▶ [YOUR TASK]
Set out exactly, and only, the lines running from the one containing "Wella T 18 Toner" to the bottom of the listing below; pictures stay out.

▶ [INFORMATION SHOWN]
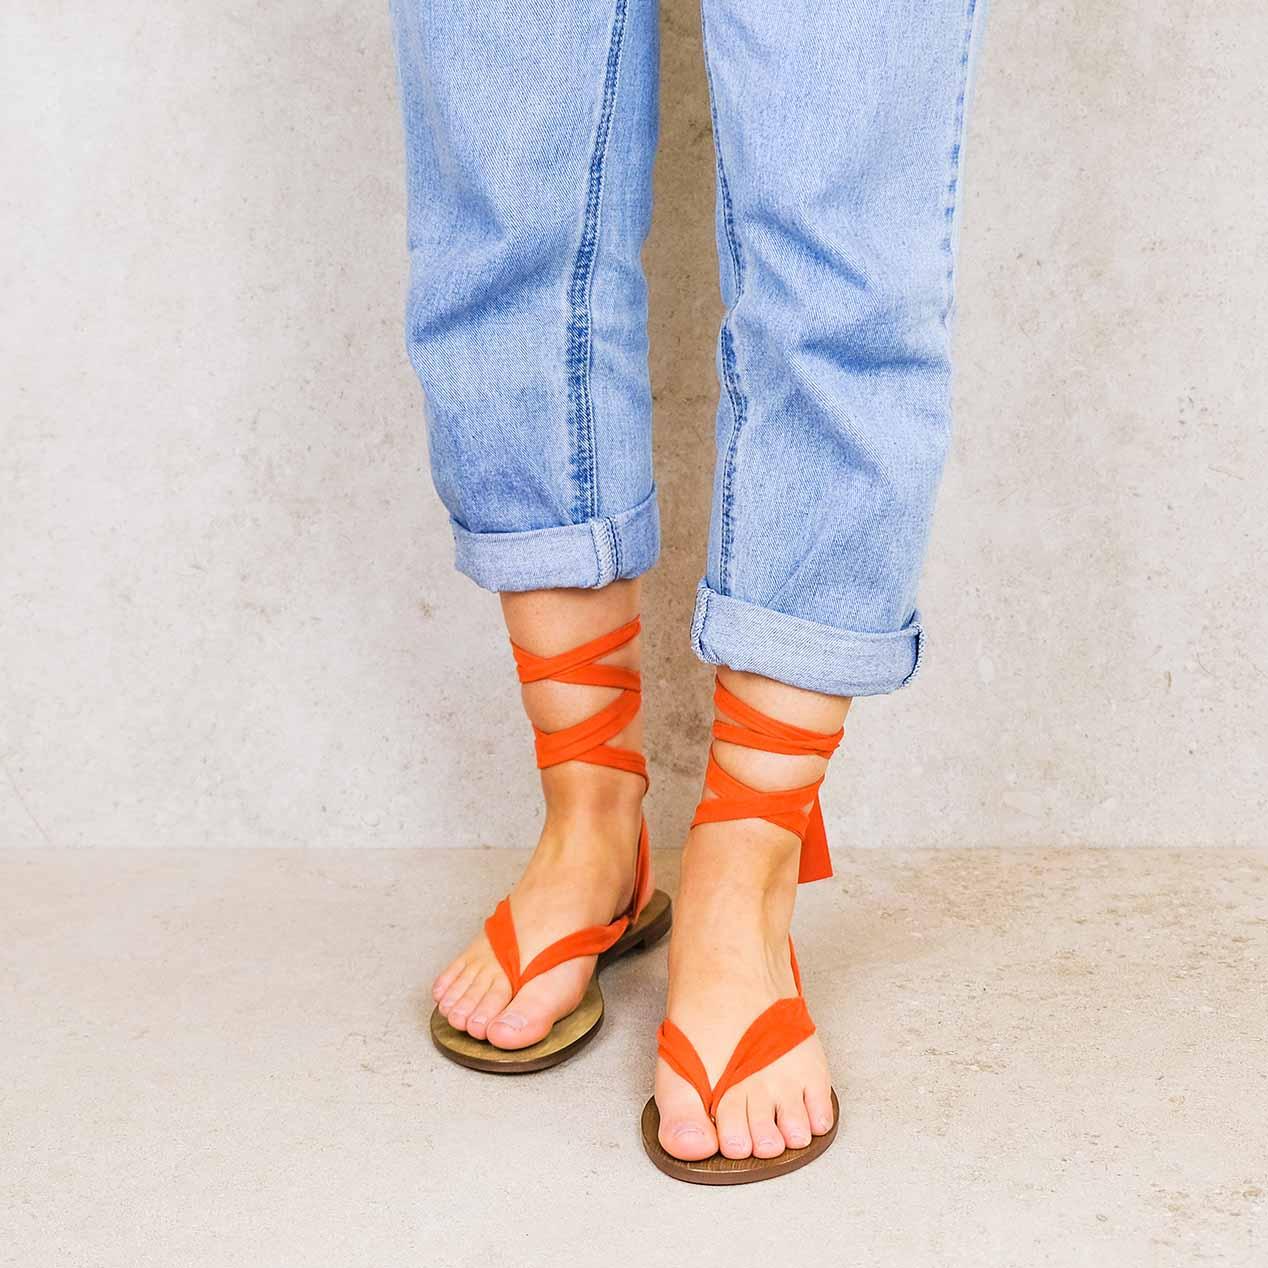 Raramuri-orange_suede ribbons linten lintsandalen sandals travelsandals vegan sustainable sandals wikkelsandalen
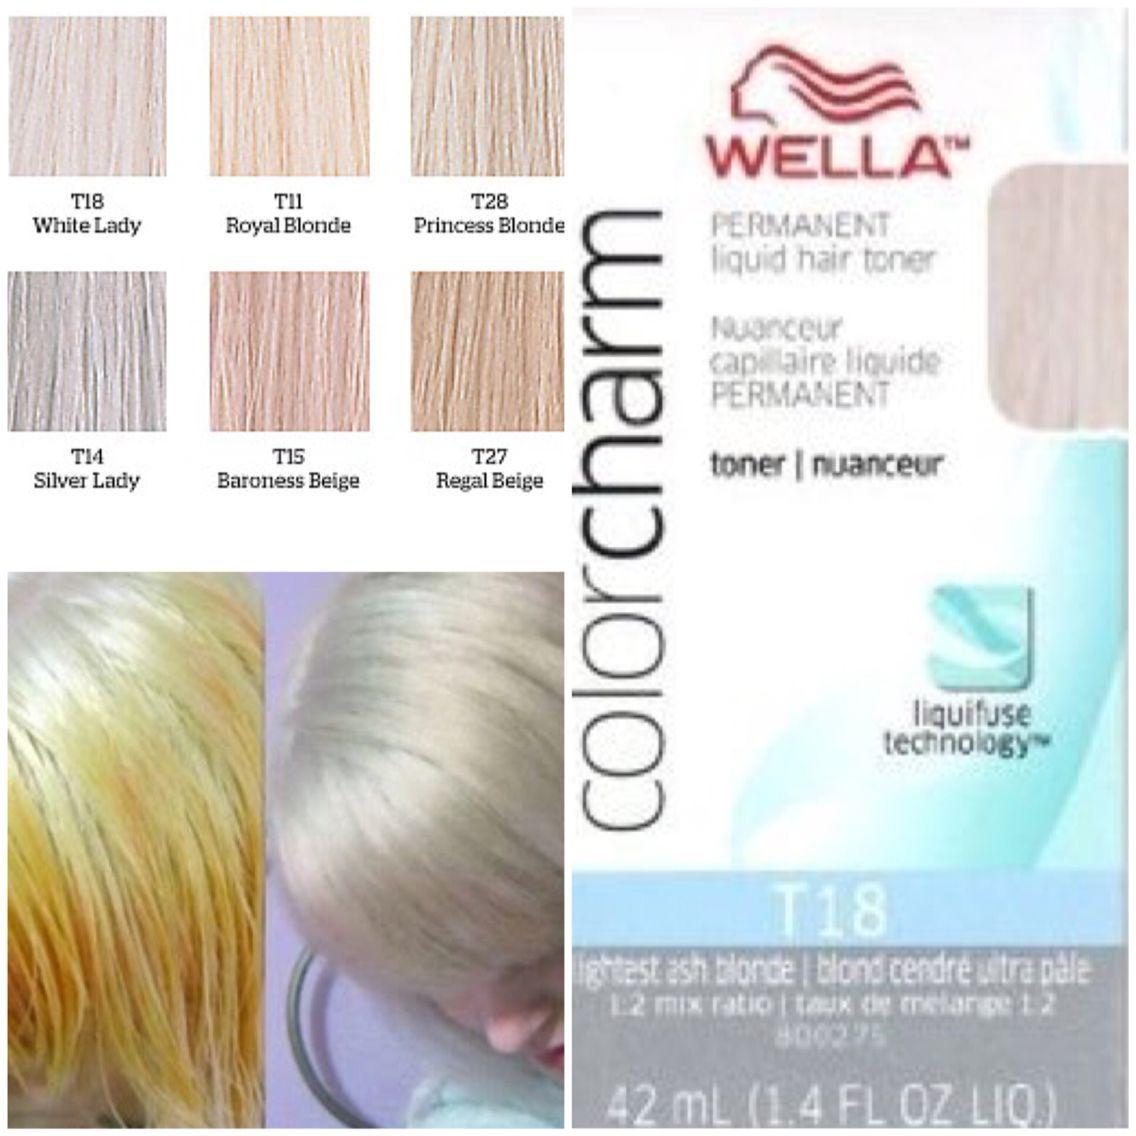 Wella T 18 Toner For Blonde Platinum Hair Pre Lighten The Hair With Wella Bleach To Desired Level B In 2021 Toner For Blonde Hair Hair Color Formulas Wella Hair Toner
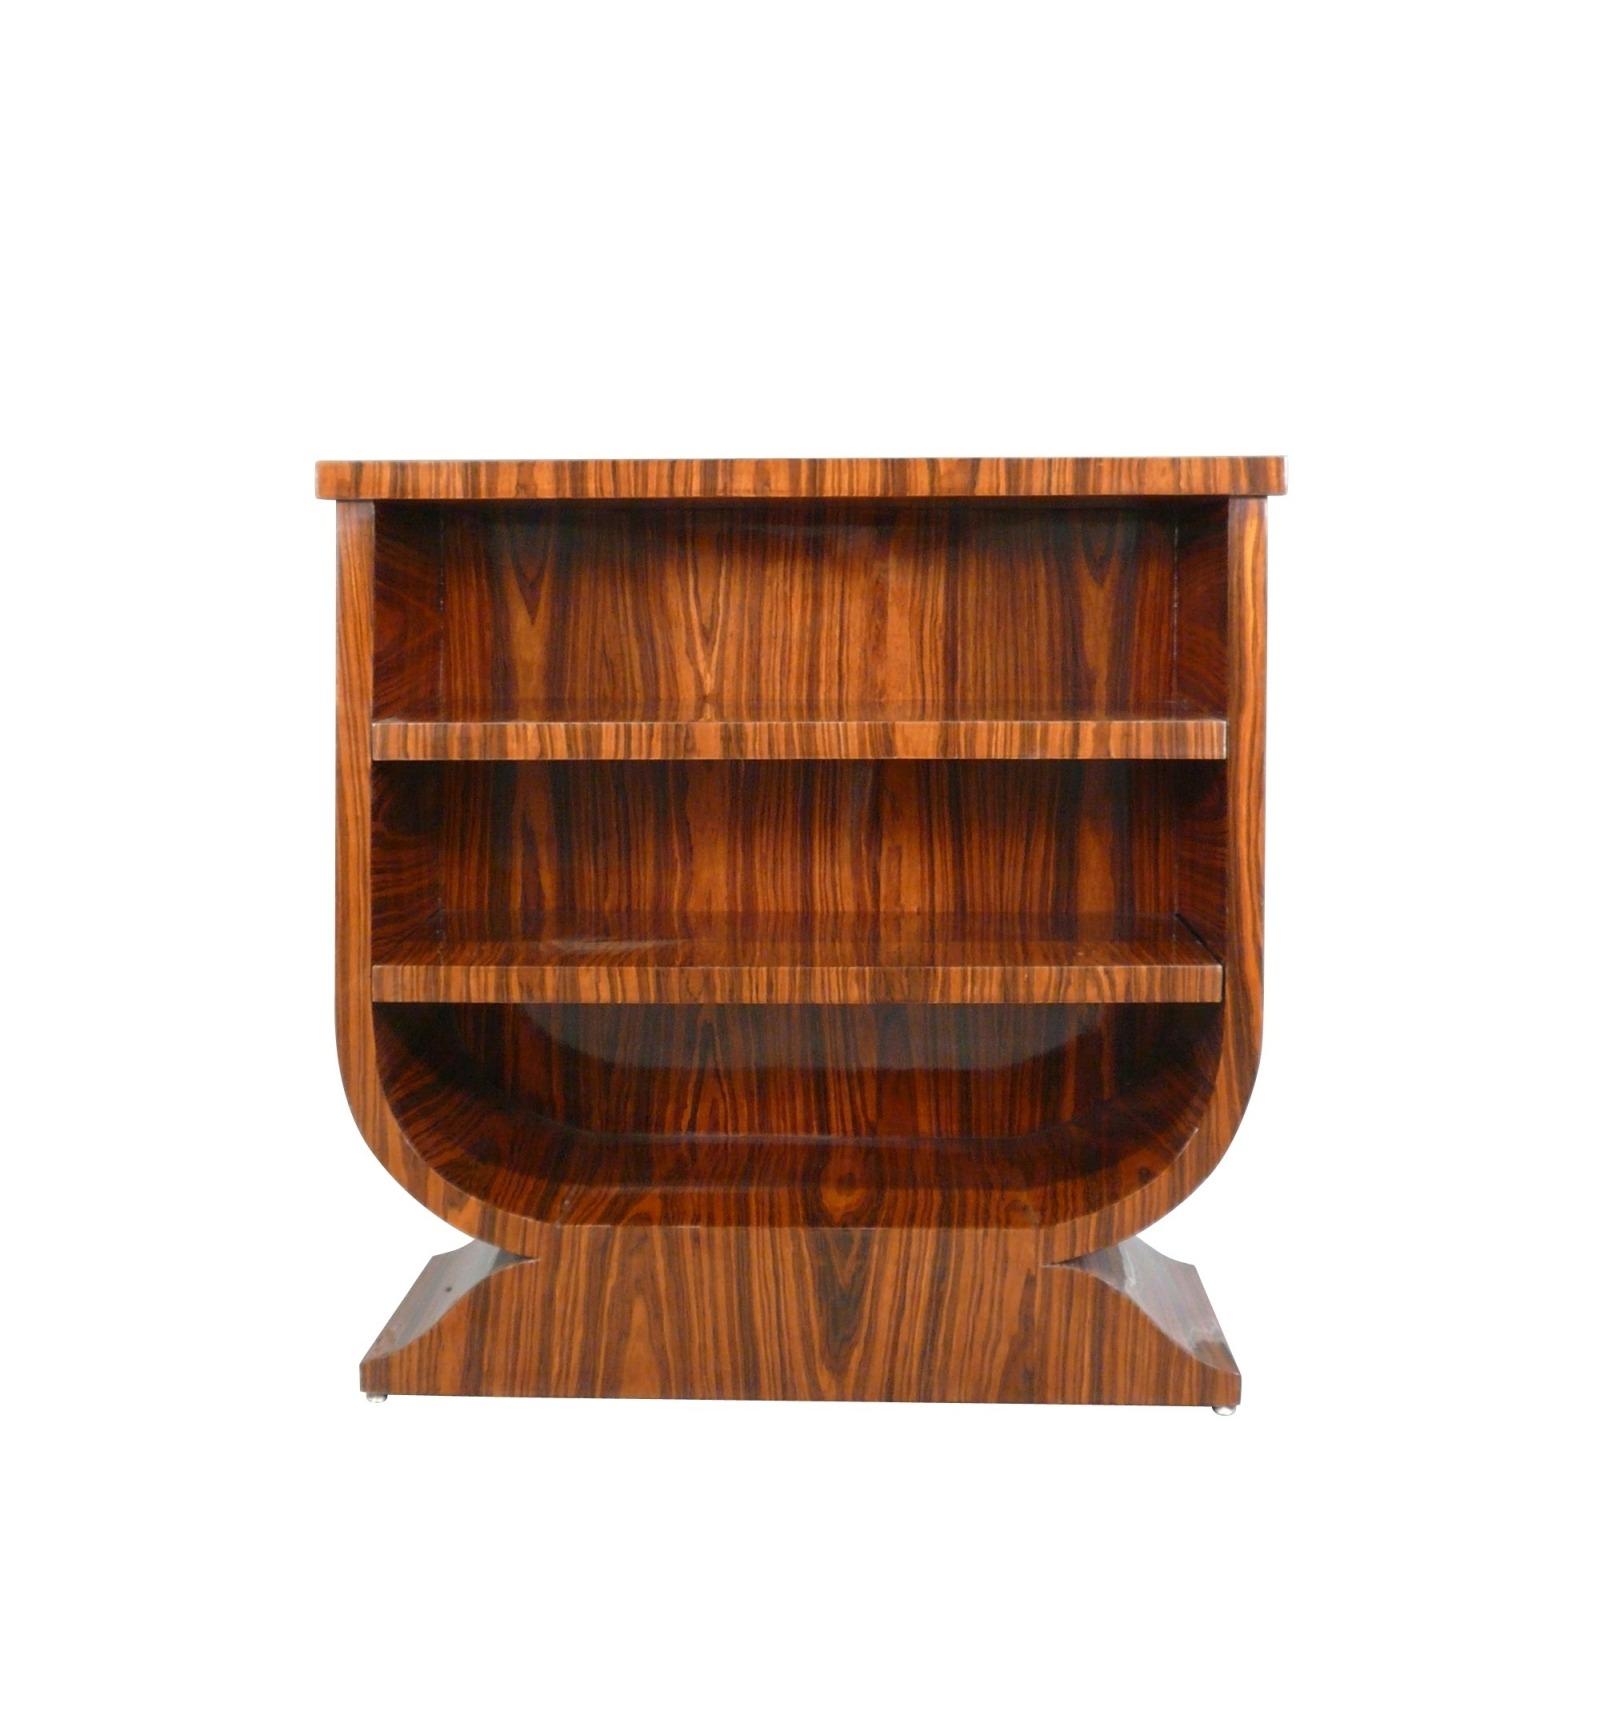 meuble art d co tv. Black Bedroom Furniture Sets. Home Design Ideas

▶ [RESPONSE]
 Wella T 18 Toner For Blonde Platinum Hair Pre Lighten The Hair With Wella Bleach To Desired Level B In 2021 Toner For Blonde Hair Hair Color Formulas Wella Hair Toner
 meuble art d co tv. Black Bedroom Furniture Sets. Home Design Ideas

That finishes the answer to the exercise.